According to Keith, one of the biggest sources of confusion and misunderstanding is the fact that too often BPM design and development is done by software engineers:

Unfortunately, many people who study BPM systems, often come from a Software Engineering background, and automatically assume that BPM should have certain standard software features. Software Engineers view the system as a way to send, receive and transform information, and they are trained to reduce business problems to something that can execute in these terms. Business people do not focus on sending and reciving bytes, but instead about responsibility and commitment. It is a different way of viewing the business process. The effect of this difference is huge. By attempting to include all the Software Engineering features in with the BPM (business person) features, the result can be something that is not useful for either. You have people today still believing that BPEL is the ultimate way to implement business processes. BPEL only provides a way to send, receive, and transform... these are Software Engineering requirements, not business requirements. A Software Engineer will tell you that with these primitives you can implement anything, probably even a spreadsheet, but that misses the whole point about why we have spreadsheets and BPM in the first place: because they are not Software Engineering.

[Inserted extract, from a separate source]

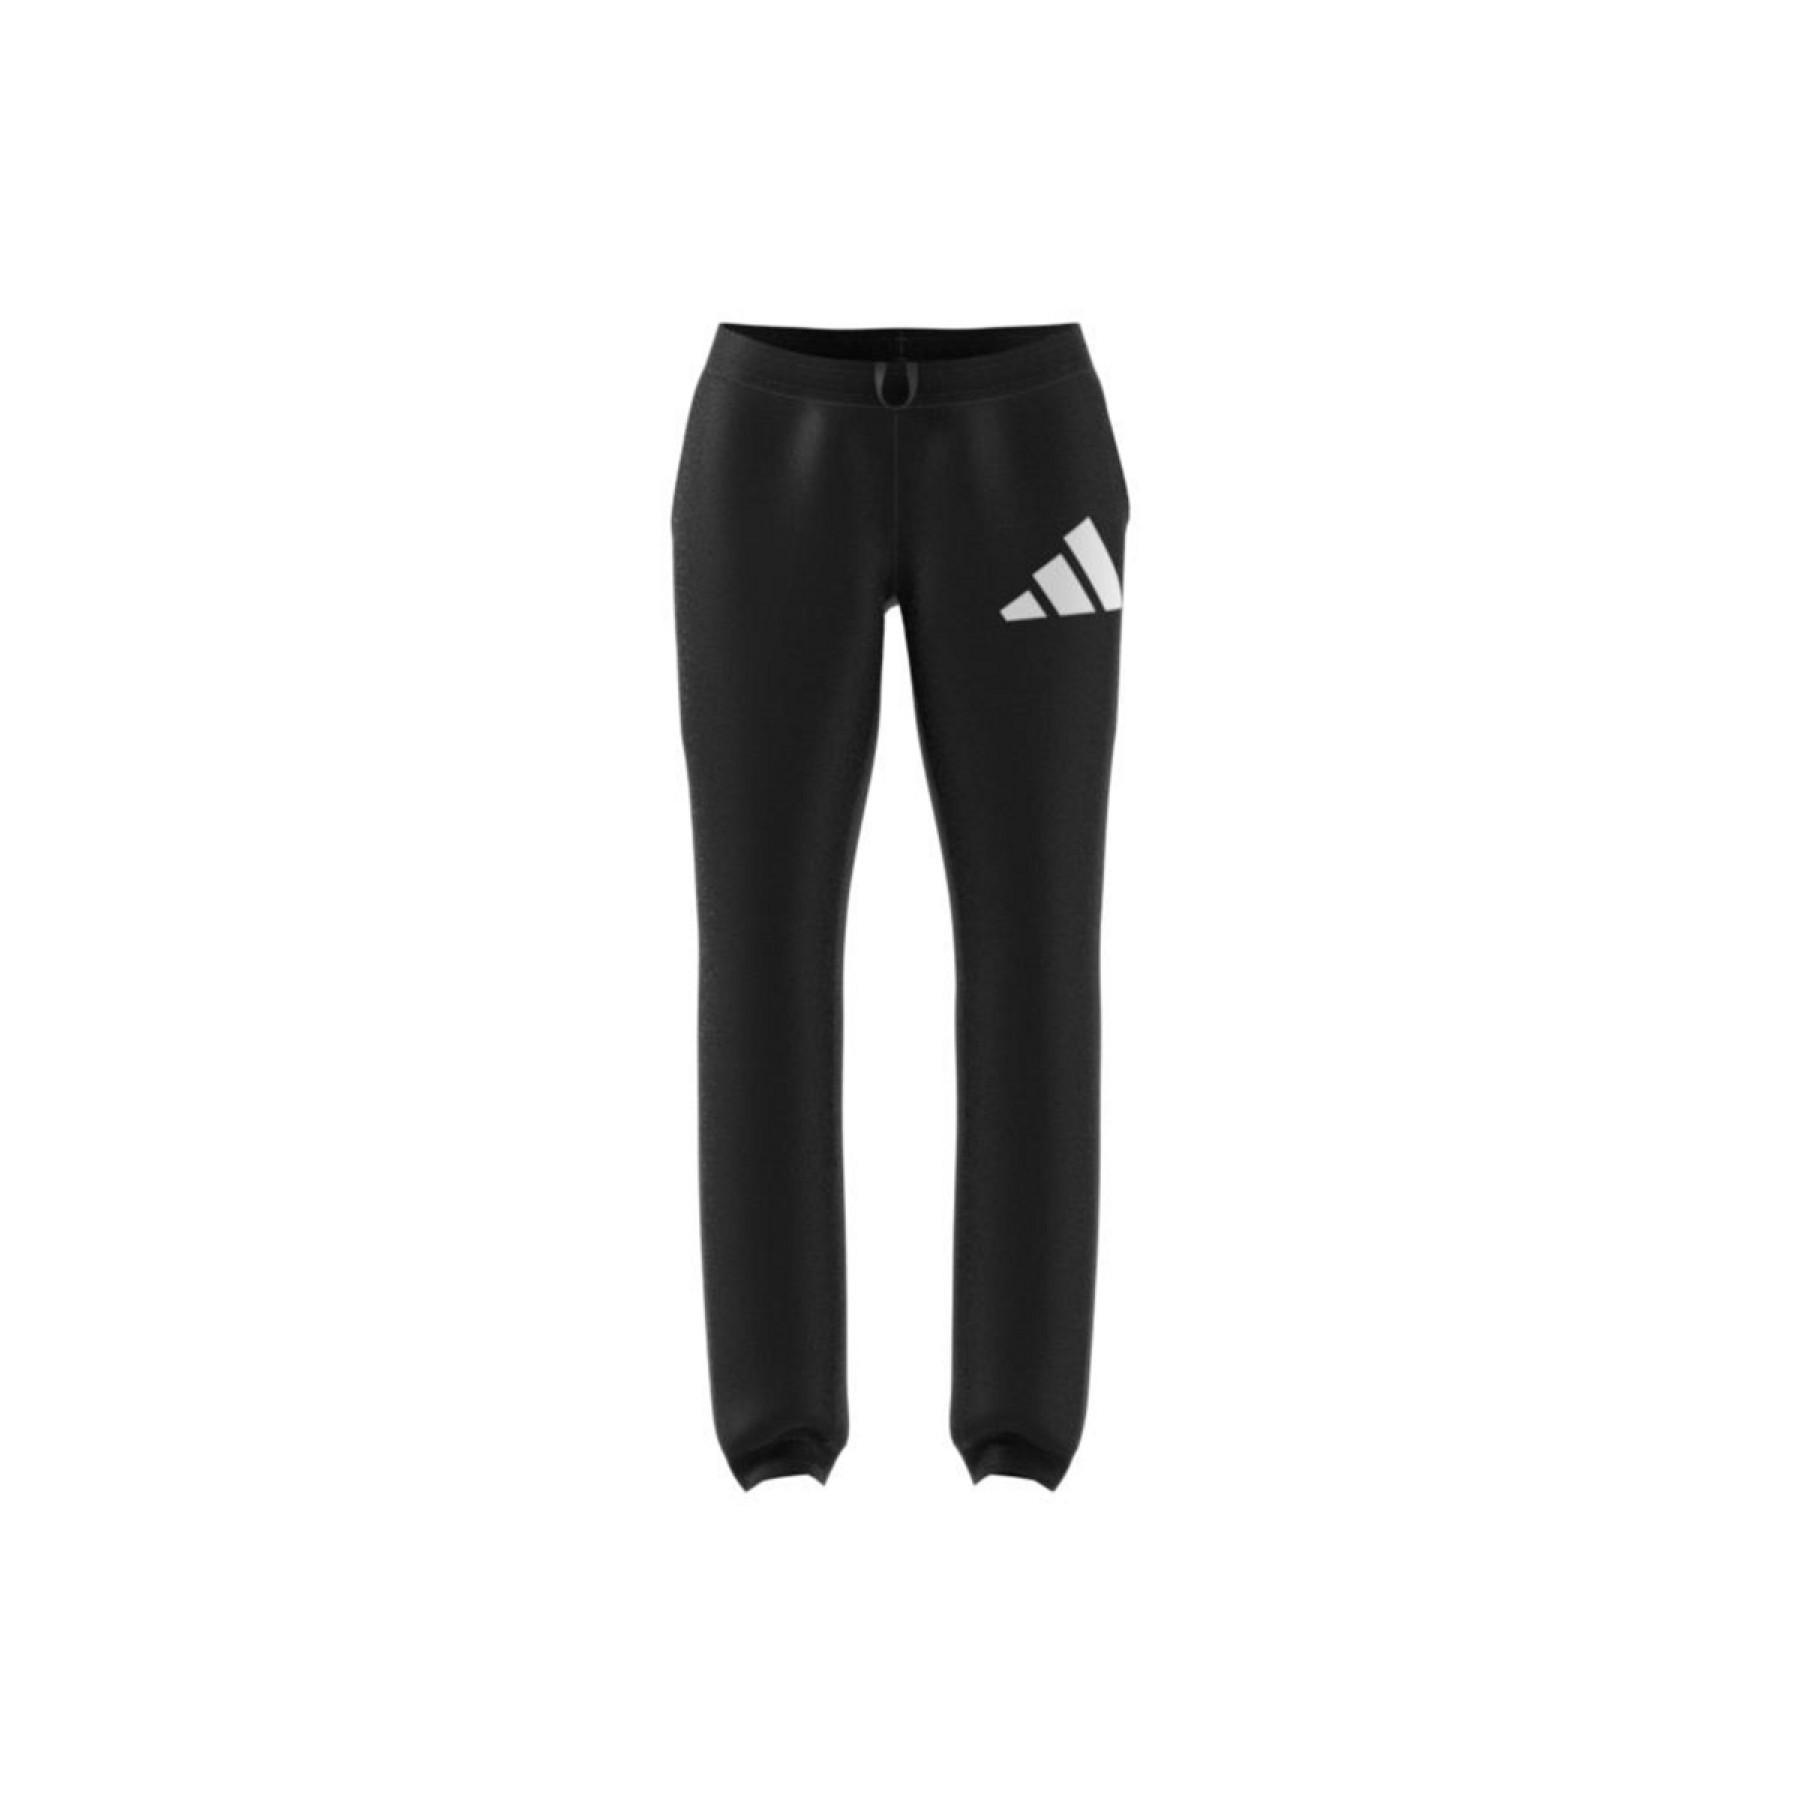 Women's trousers adidas Woven Badge of Sport
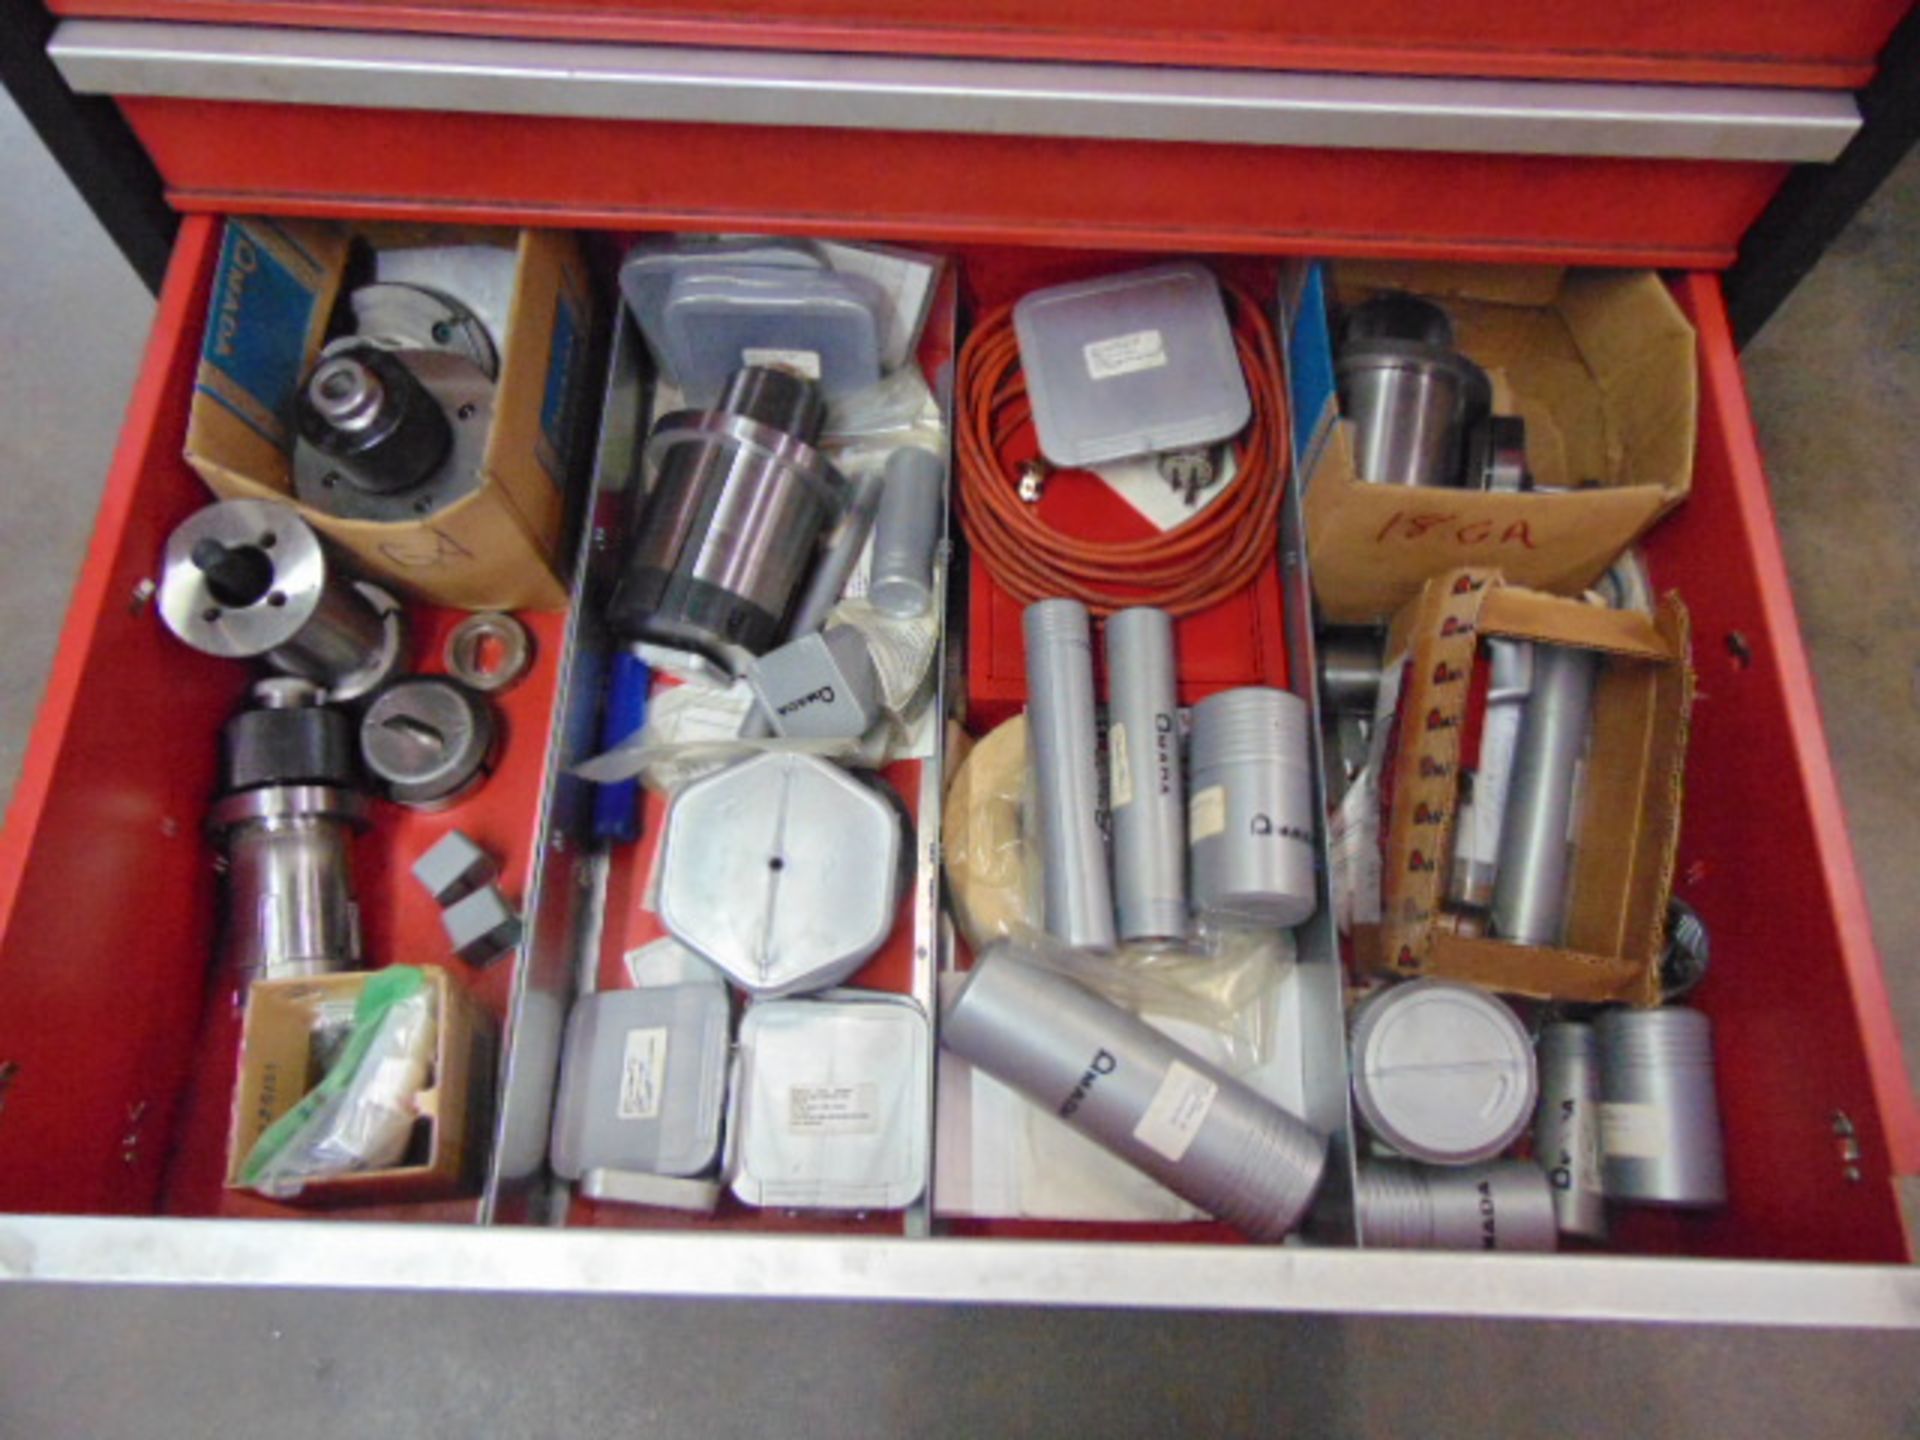 LOT OF PUNCH & DIE TOOLING, assorted, w/ tool cabinet - Image 10 of 10

Keith concludes his article by evaluating current OMG BPMN 2.0 activities:

There is a huge discussion on the OMG email list currently about how BPMN is just another dialect of Unified Modeling Language (UML) the diagramming standard preferred by Software Engineers. Indeed a Software Engineer might look at BPMN and see something useful for Software Engineering. Remember that OMG is primarily an organization by and for Software Engineering, and it is not altogether surprising that many OMG members would come to this conclusion. Many of them even might imagine that UML is useful for all disciplines. Making BPMN a dialect of UML would be very convenient for the Software Engineering practice of reducing a diagram to an executable program.

BPMN exists for business people to express how people interact in a business setting. There are many within OMG who understand this as well, and I hope for all our sake that they do not get drowned out by those who view all problems as Software Engineering problems. BPMN does not exist for the convenience of Software Engineers, because BPM is not Software Engineering.

There is definitely a lot of confusion in the industry about the relationship between software engineering and BPM. Those are very different, but interrelated disciplines. On one hand, it is quite possible to design and implement business processes without any automation, and on the other hand, automation of business process definitely requires significant amount of software engineering involved.